Copy out exactly, from the entries that follow, the line holding "RJT-9706 contemporary acrylic", the line holding "Sharp KC-850EK Humidifying", and all lines between them, but no pictures.

Source information ->

[Start of section]

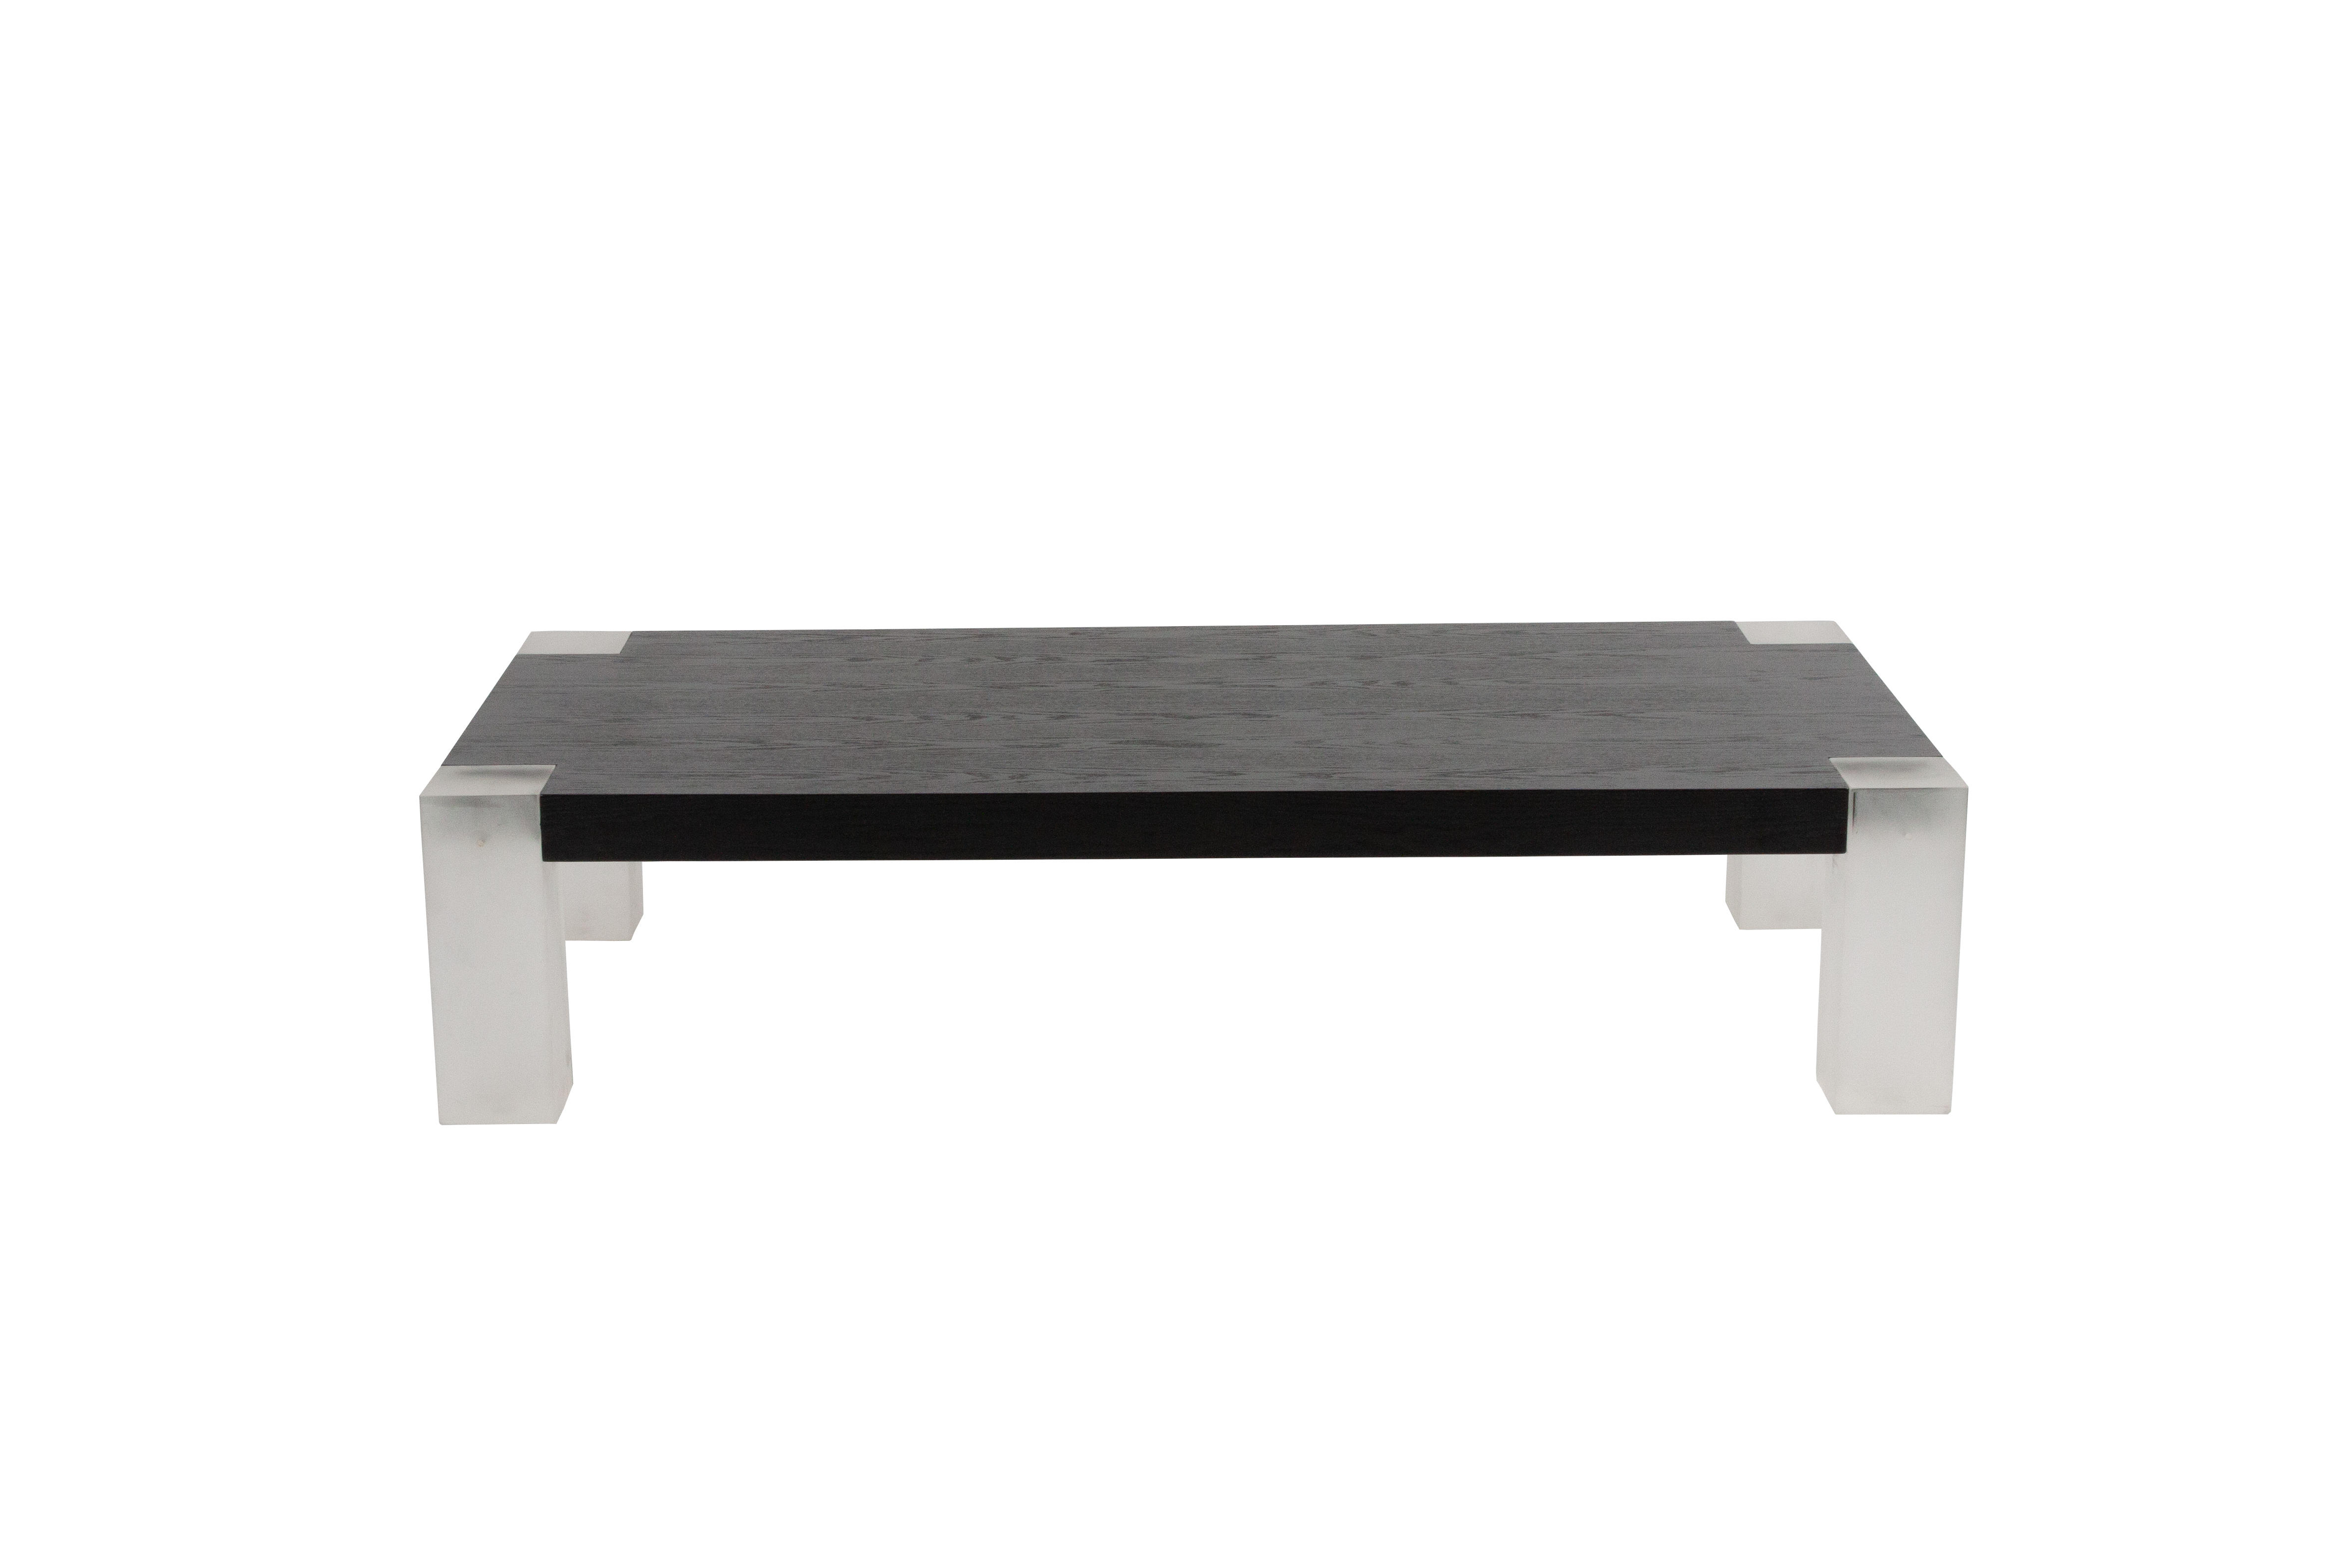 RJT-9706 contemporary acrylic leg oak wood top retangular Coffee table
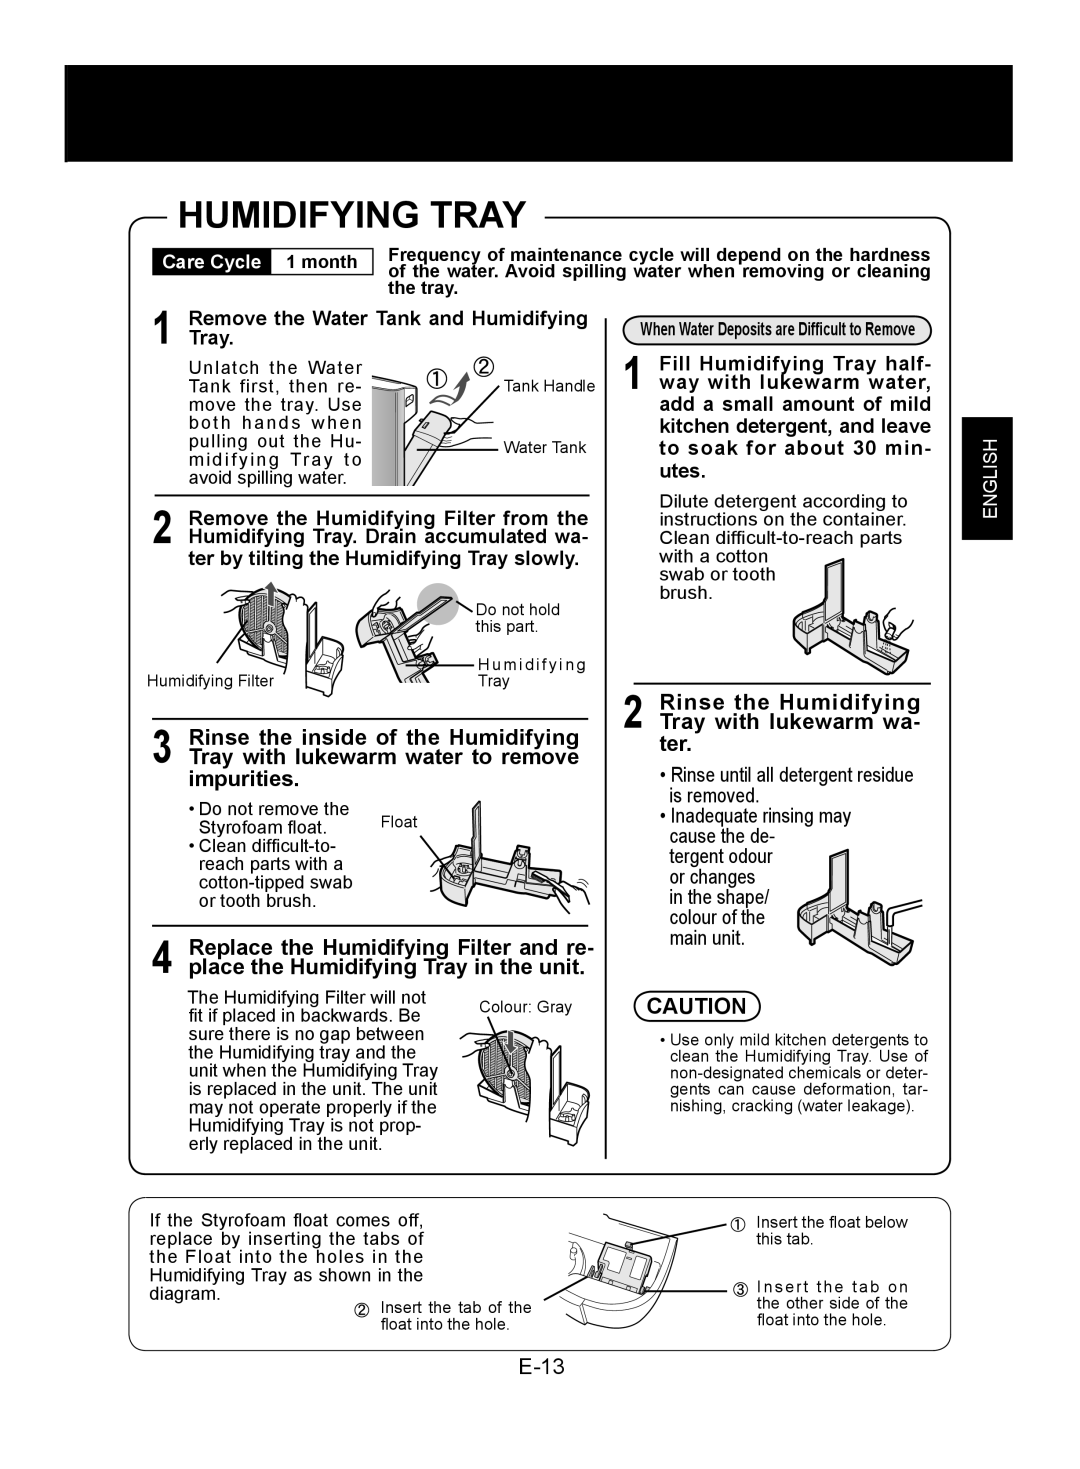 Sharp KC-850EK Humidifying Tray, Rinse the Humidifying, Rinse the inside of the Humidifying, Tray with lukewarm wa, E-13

[End of section]
[Start of section]

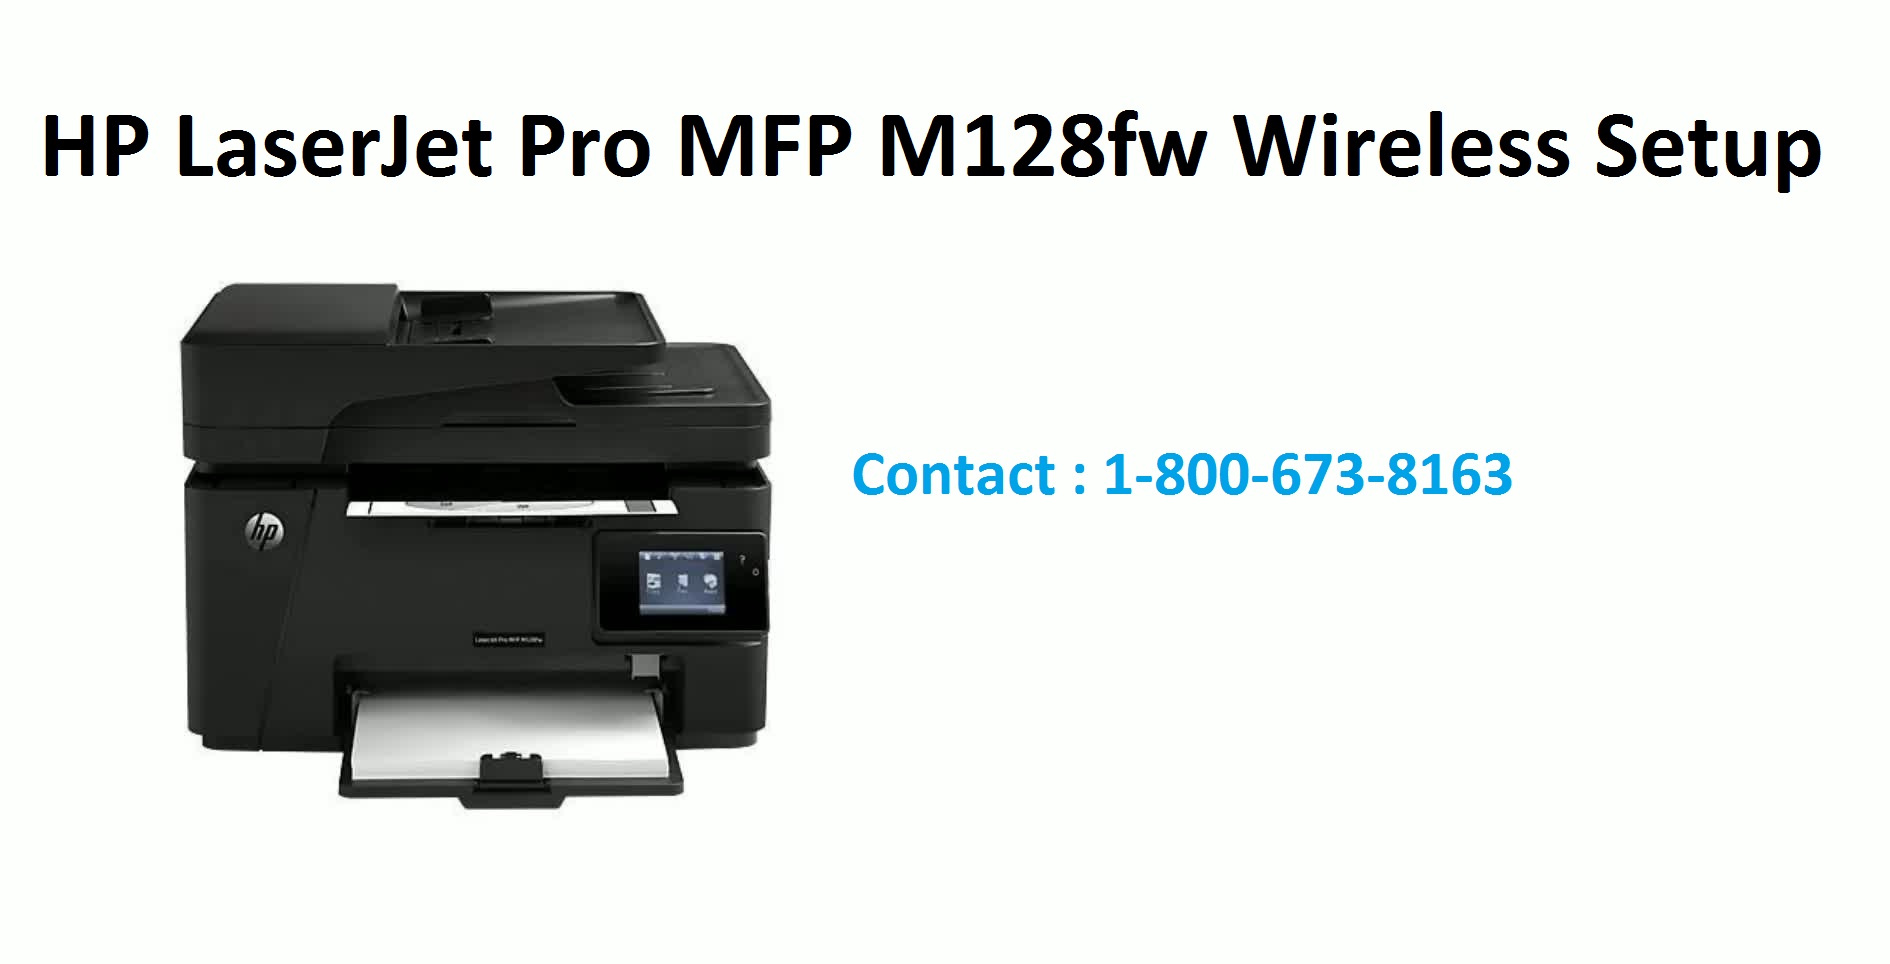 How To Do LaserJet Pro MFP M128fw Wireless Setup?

[End of section]

Reply ->
 RJT-9706 contemporary acrylic leg oak wood top retangular Coffee table
 Sharp KC-850EK Humidifying Tray, Rinse the Humidifying, Rinse the inside of the Humidifying, Tray with lukewarm wa, E-13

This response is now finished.